◆ **What you have to do**
When you copy the material below, keep every line exact and omit the pictures.

◆ **Supplied data**
======
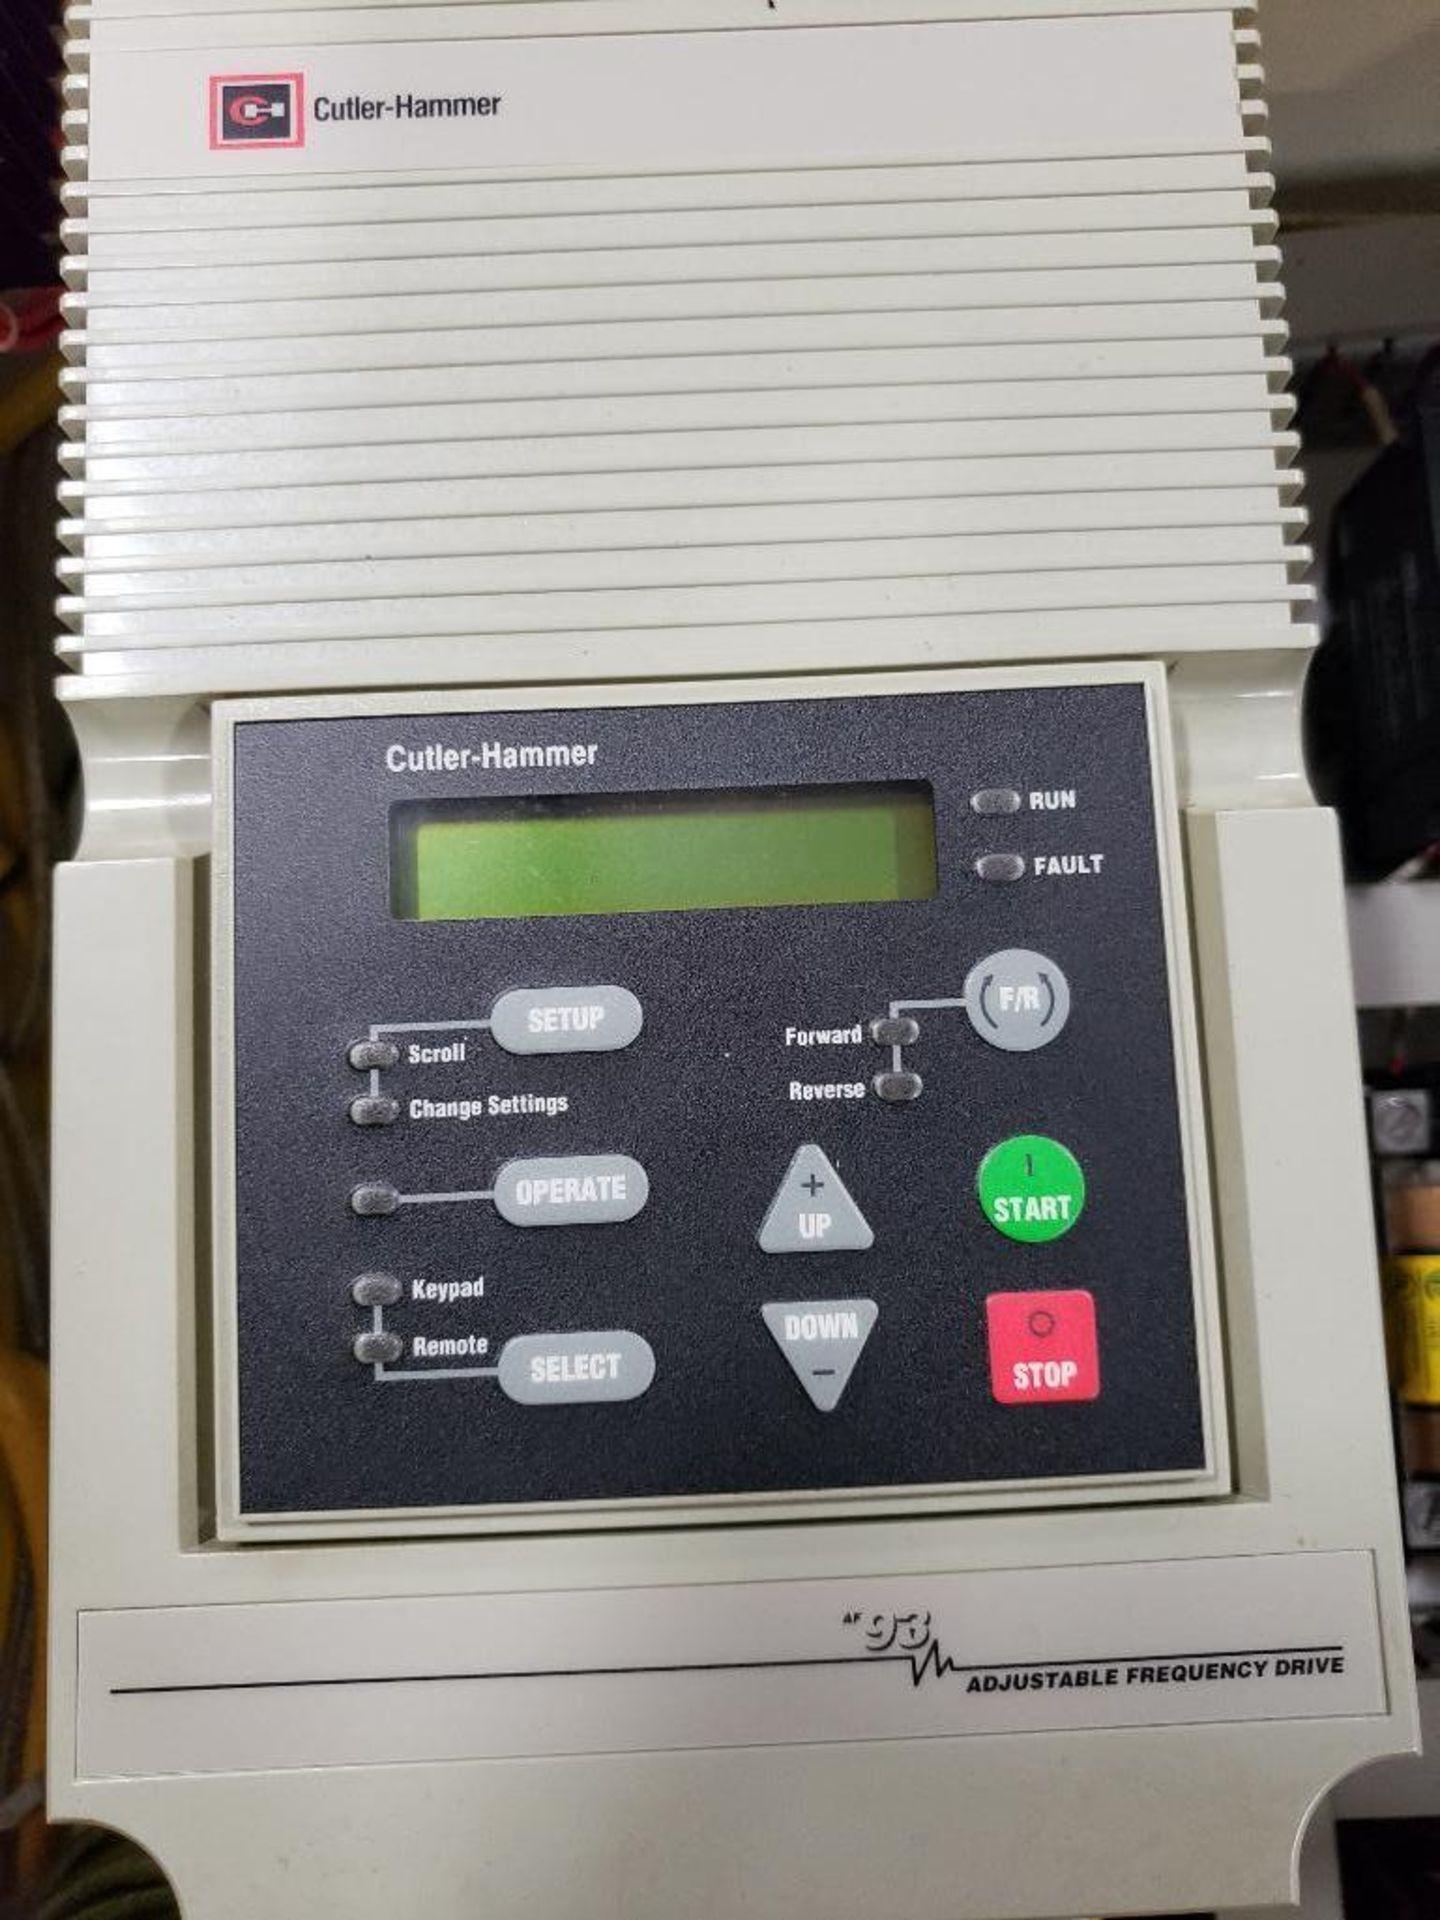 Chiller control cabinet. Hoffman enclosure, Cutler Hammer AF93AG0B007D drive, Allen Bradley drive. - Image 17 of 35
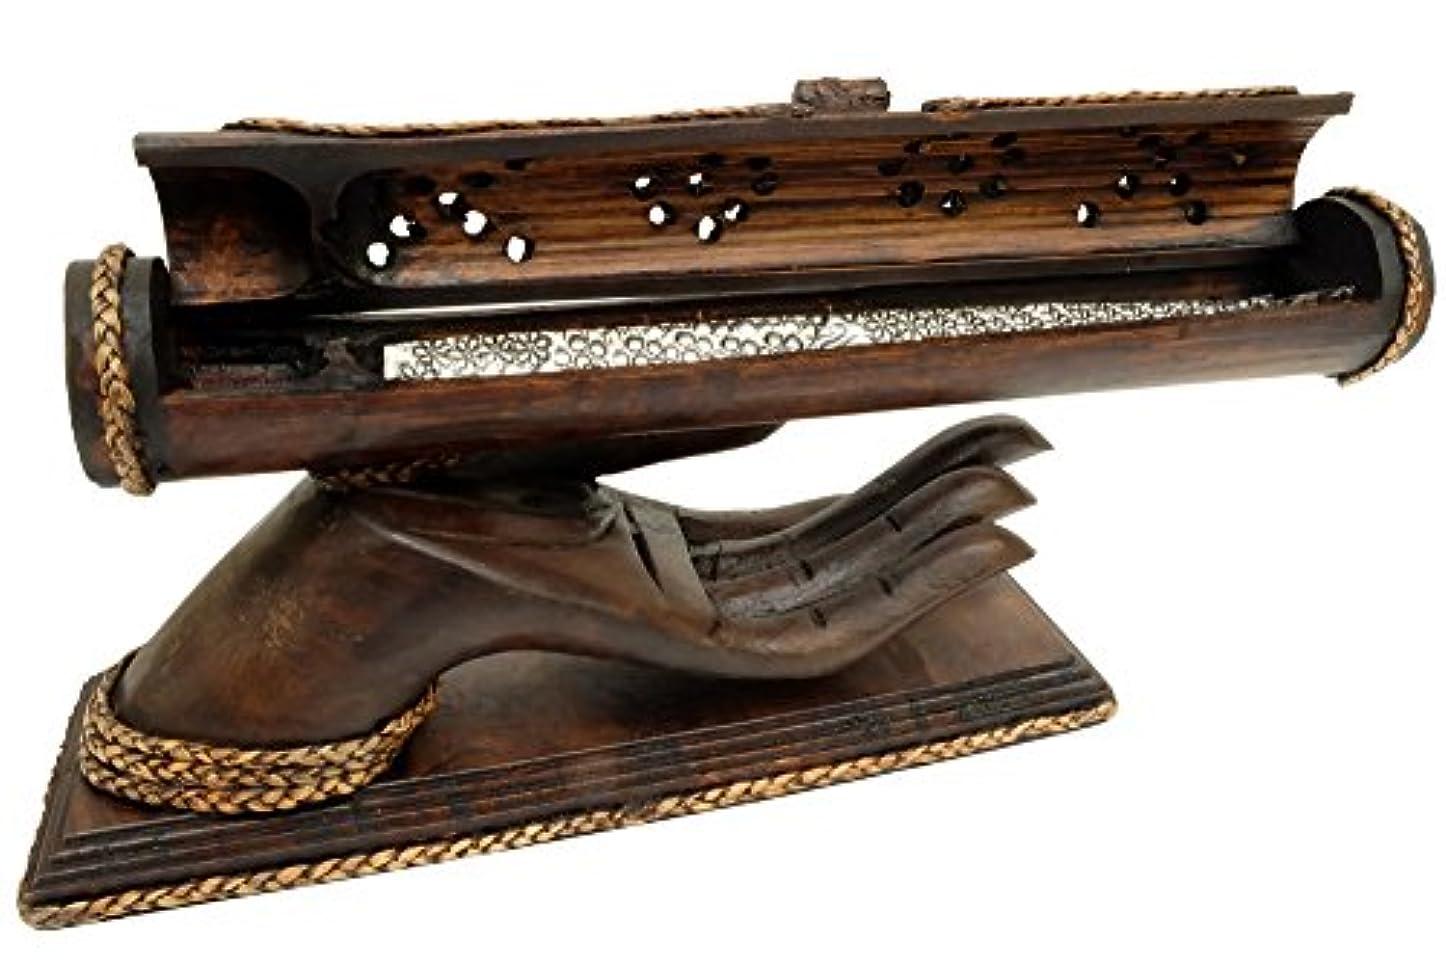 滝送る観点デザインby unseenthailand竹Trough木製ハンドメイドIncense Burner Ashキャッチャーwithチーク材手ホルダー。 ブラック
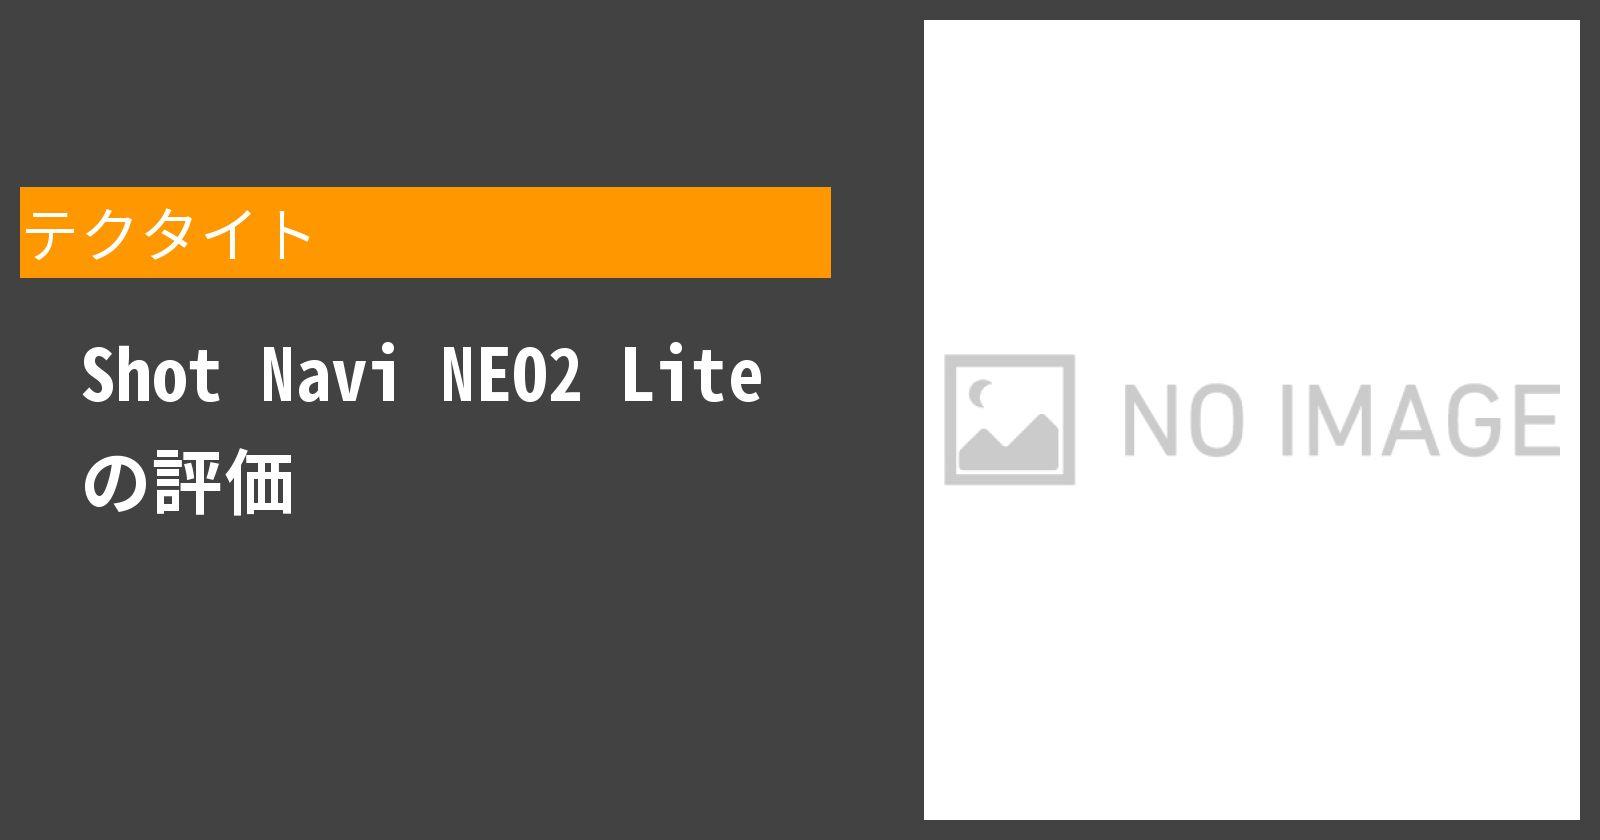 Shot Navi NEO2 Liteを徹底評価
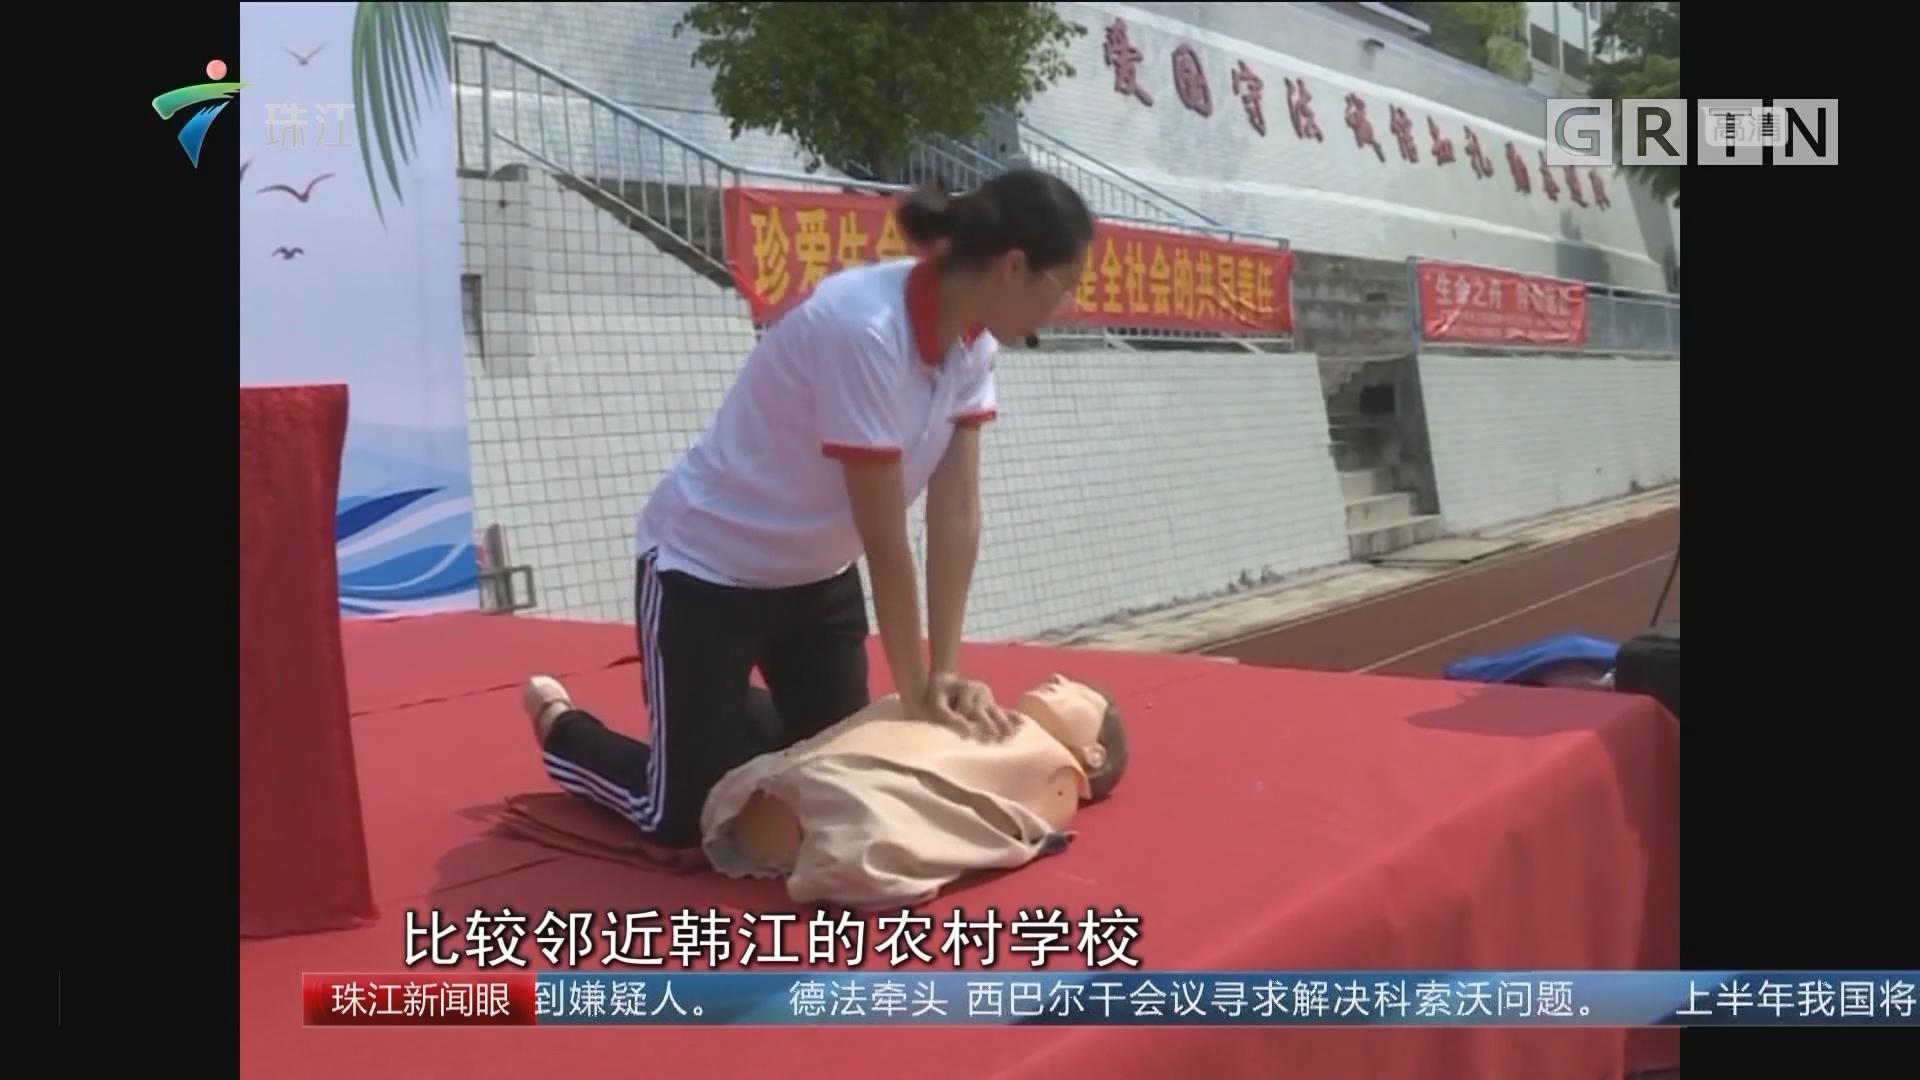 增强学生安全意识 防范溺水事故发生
======
◆ **Response**
 Chiller control cabinet. Hoffman enclosure, Cutler Hammer AF93AG0B007D drive, Allen Bradley drive. - Image 17 of 35
 滝送る観点デザインby unseenthailand竹Trough木製ハンドメイドIncense Burner Ashキャッチャーwithチーク材手ホルダー。 ブラック
 Shot Navi NEO2 Liteを徹底評価
 增强学生安全意识 防范溺水事故发生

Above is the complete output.